Segundo Luciano Marques, o investimento foi amortizado em dois anos quando comparado à terceirização. E, hoje, de acordo ele, a manutenção do data center interno se mantém como opção financeiramente interessante, já que a empresa possui um time interno de desenvolvedores, dedicado a criar soluções leves.

Nos planos da Mclaine para 2010 está prevista ainda a aquisição de um cluster. Mas isso não quer dizer que a companhia seja avessa à terceirização, modelo que já suporta servidores Unix-AIX, os bancos de dados Oracle e o sistema de backup.



PERFIL DE CONSUMO

De acordo com o estudo da IDC, 95% das

empresas ainda operam data centers próprios,

mas este cenário está mudando:

• CERCA DE 20% DELAS UTILIZAM SERVIÇOS DE TERCEIROS

• 11% ADOTAM APENAS SERVIÇOS DE COLLOCATION





O AVANÇO DO CLOUD COMPUTING

Segundo o Gartner, empresa que atua no fornecimento de pesquisa e aconselhamento sobre tecnologia, as receitas globais de cloud computing crescerão 21,3% em 2009, atingindo US$ 56,3 bilhões. O estudo também aponta, até 2013, o faturamento deste mercado deve atingir US$ 150 bilhões.
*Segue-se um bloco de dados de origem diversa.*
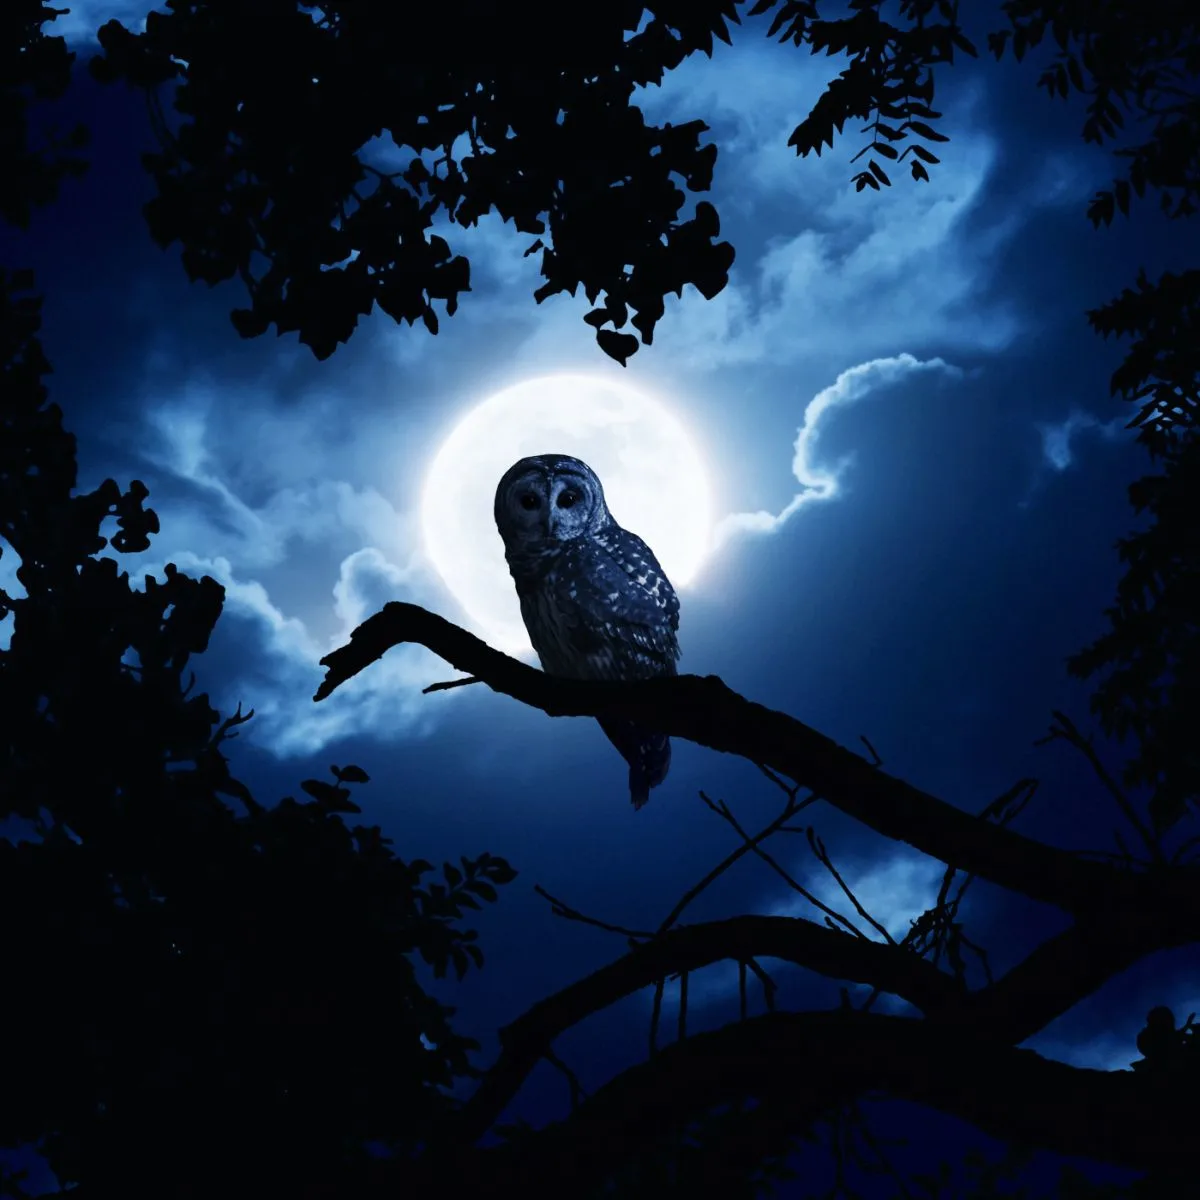 Owl Hooting At Night Spiritual Meaning

“Parte do crescimento representa a transferência de serviços tradicionais de TI para a nova tecnologia, mas há espaço para o desenvolvimento de novos negócios e oportunidades valiosas”, aponta Ben Pring, vice-presidente de pesquisa do Gartner. A pesquisa mostra que, em 2011, 30% da receita do mercado de consultoria e integração de sistemas será fundamentada em cloud computing.

“Esta tecnologia viabiliza uma mudança na maneira como os serviços de TI são ofertados, passando a ser gratuitos até certo ponto, com as receitas originadas de publicidade. As ofertas patrocinadas são os maiores componentes no mercado de serviços de cloud computing e continuarão sendo até 2013”, afirma Pring.
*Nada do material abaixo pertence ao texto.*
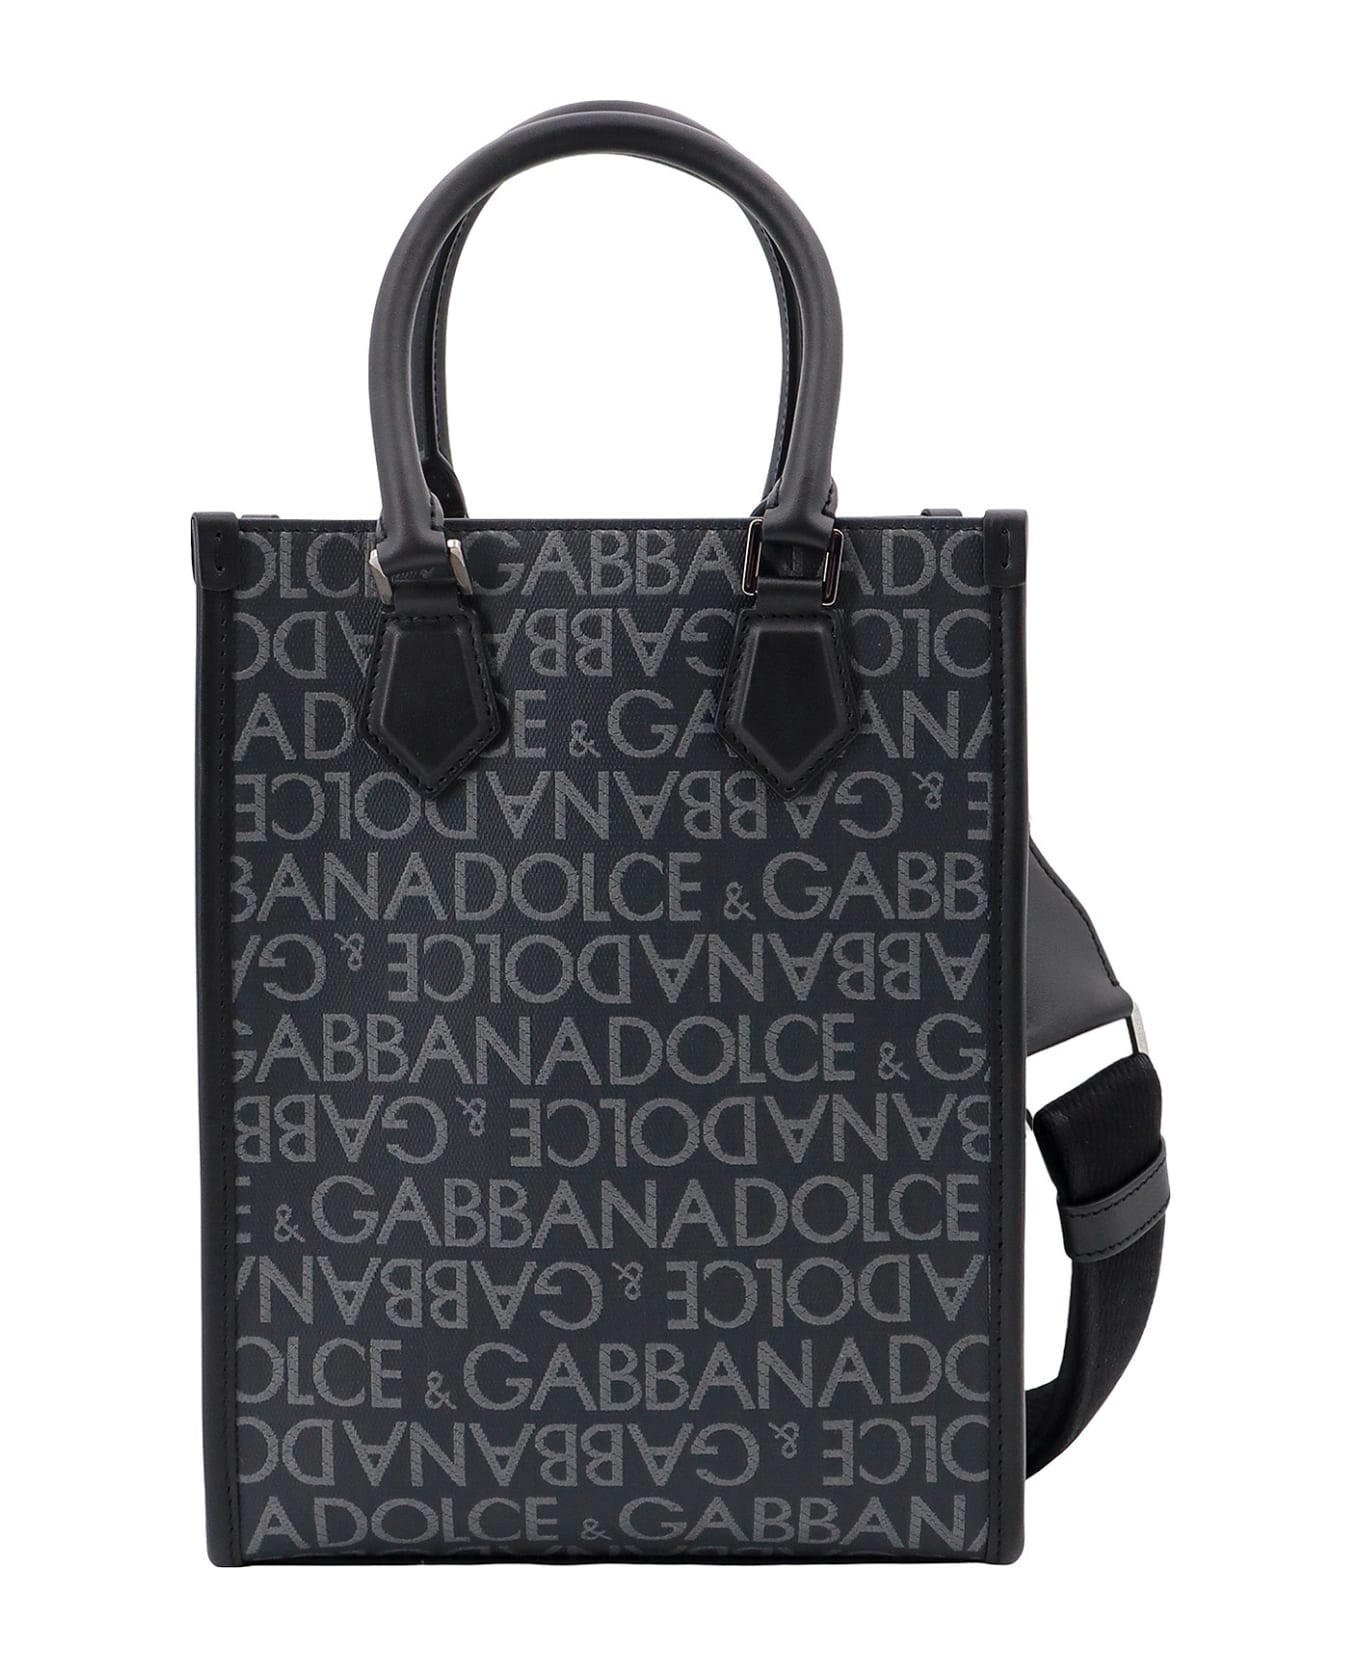 Dolce & Gabbana Handbag - Blue

De acordo com o estudo, as soluções baseadas nessa tecnologia, assim como as ofertas de software como serviço, já detêm um mercado com quase o dobro de recursos em comparação com as ofertas de infraestrutura. A pesquisa do Gartner prevê, para os próximos cinco anos, um crescimento no número de funcionalidades e novos produtos baseados nesta tecnologia. Estão entre os provedores de serviços de cloud computing no Brasil, a Locaweb, a Alog e a Tecla, uma das empresas do deste segundo grupo.